= Beginning of Section =

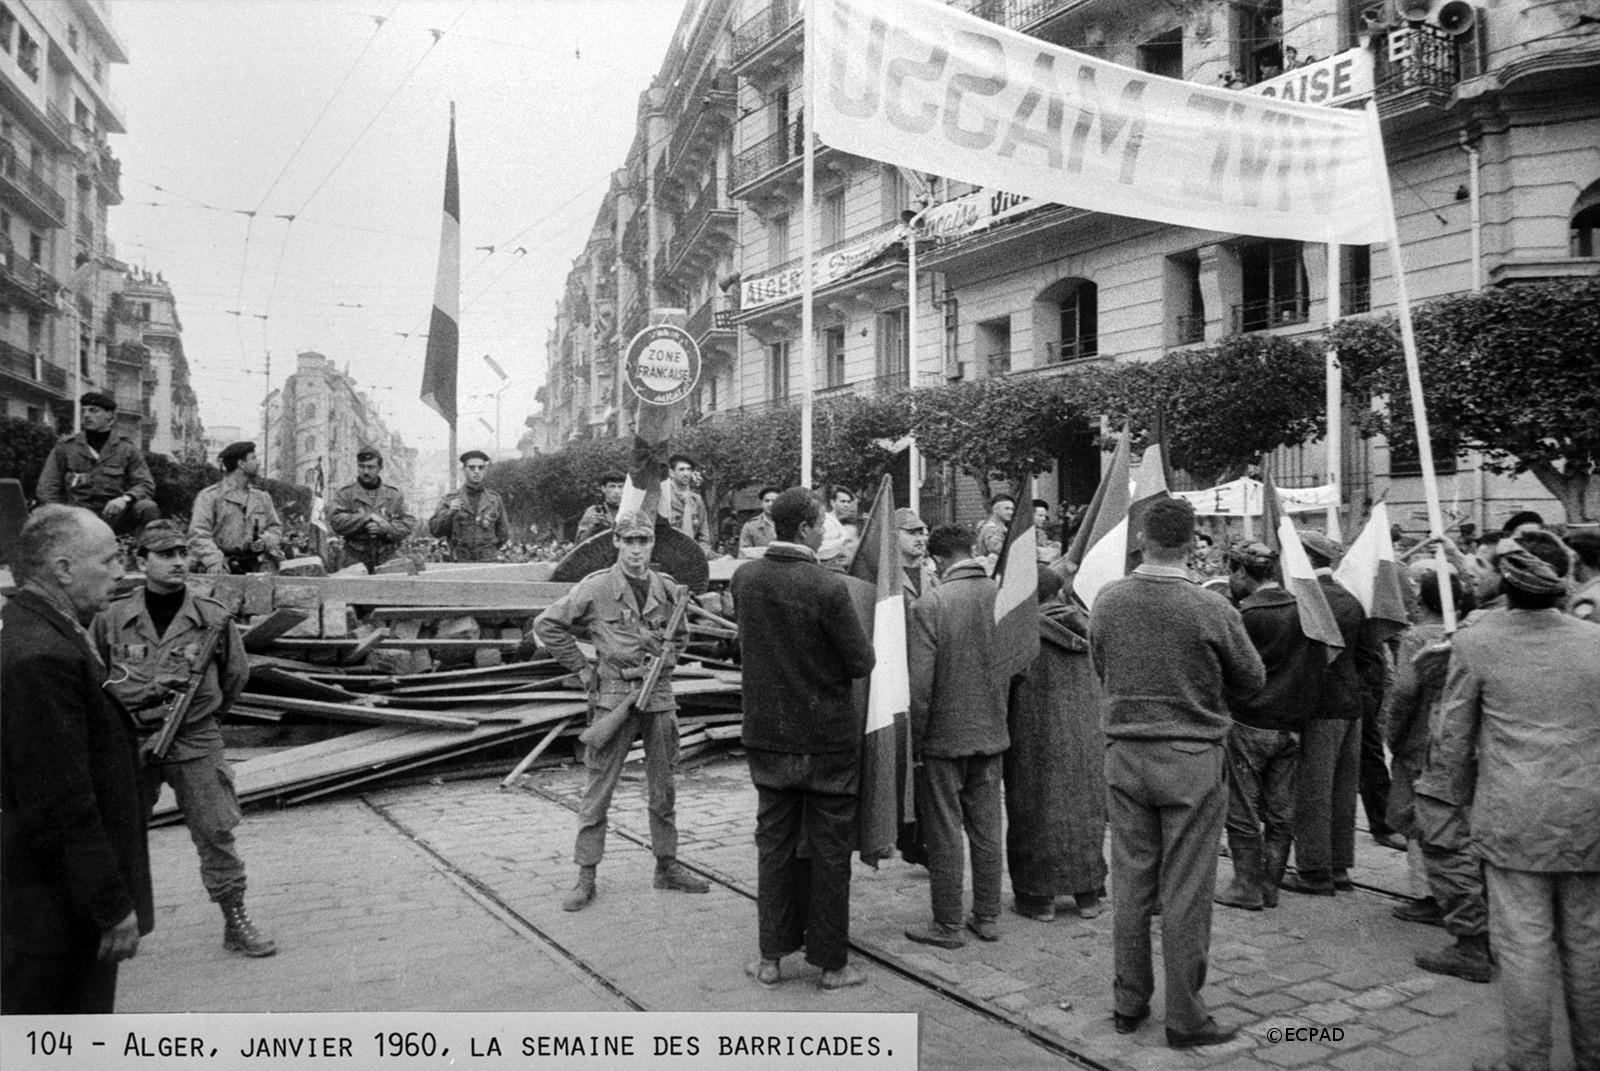 24/01-02/02/1960 : Semaine des barricades à Alger
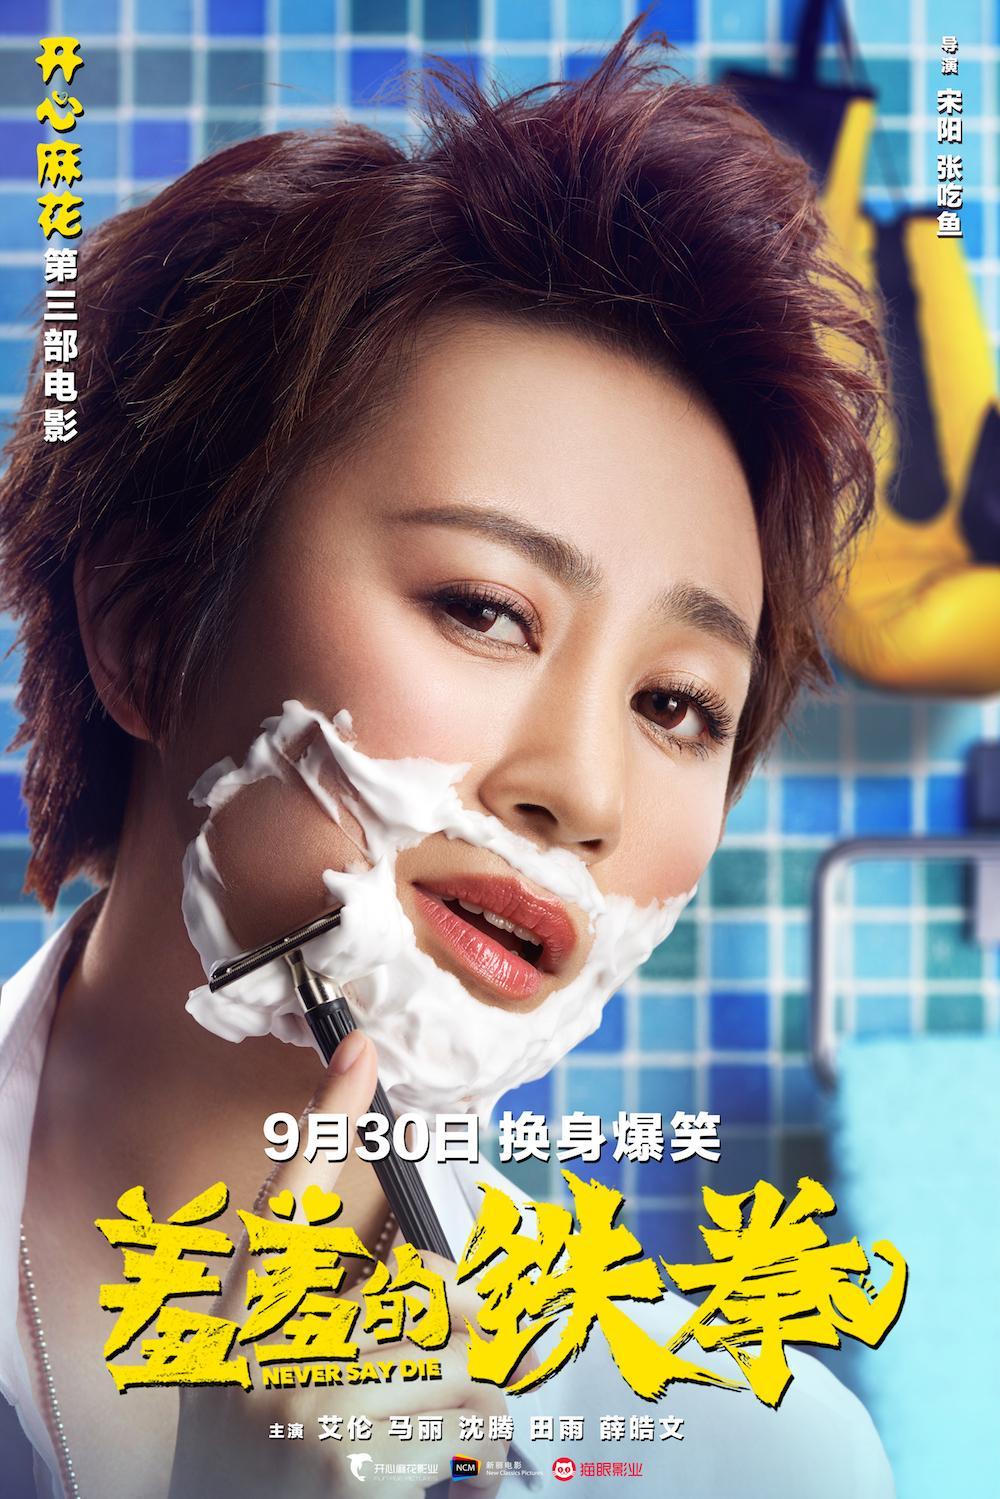 《羞羞的铁拳》人物海报图片
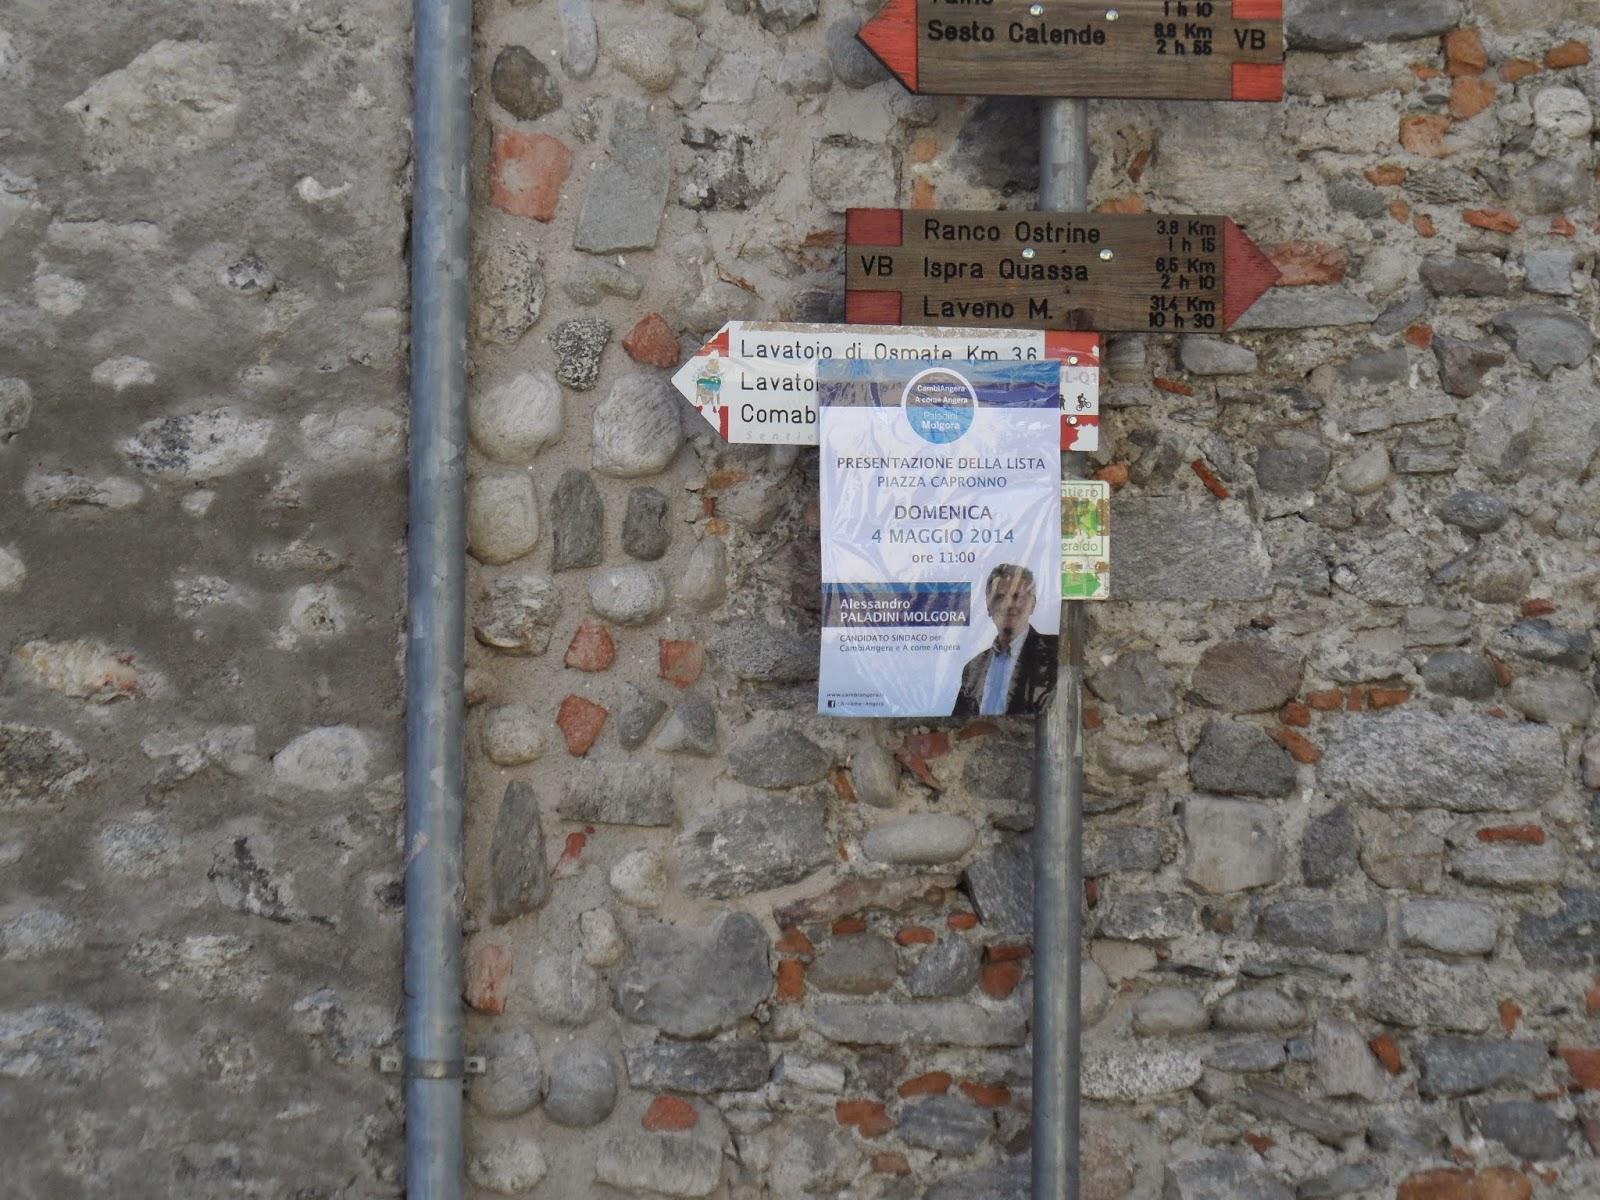 materiale di propaganda e manifesti attinenti le elezioni al di fuori degli spazi assegnati per la propaganda elettorale
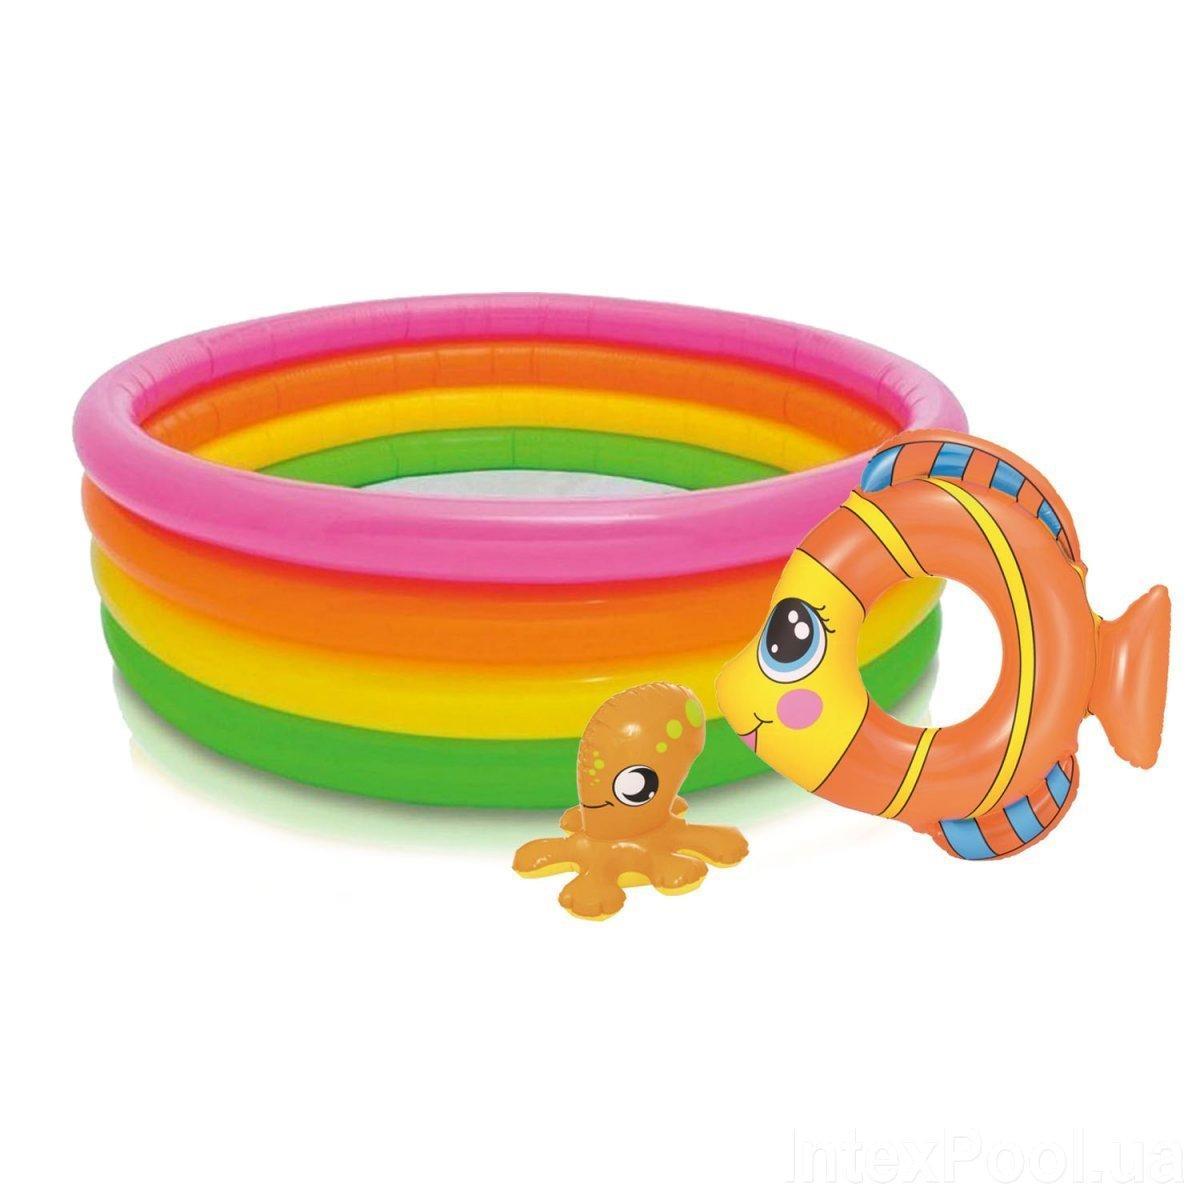 Детский надувной бассейн Intex 56441-2, 168 х 46 см, с кругом, с игрушкой

= End of Section =

» Task to complete: Repeat the data above in full and exactly. Omit every image.

» Result:
 24/01-02/02/1960 : Semaine des barricades à Alger
 《羞羞的铁拳》人物海报图片
 materiale di propaganda e manifesti attinenti le elezioni al di fuori degli spazi assegnati per la propaganda elettorale
 Детский надувной бассейн Intex 56441-2, 168 х 46 см, с кругом, с игрушкой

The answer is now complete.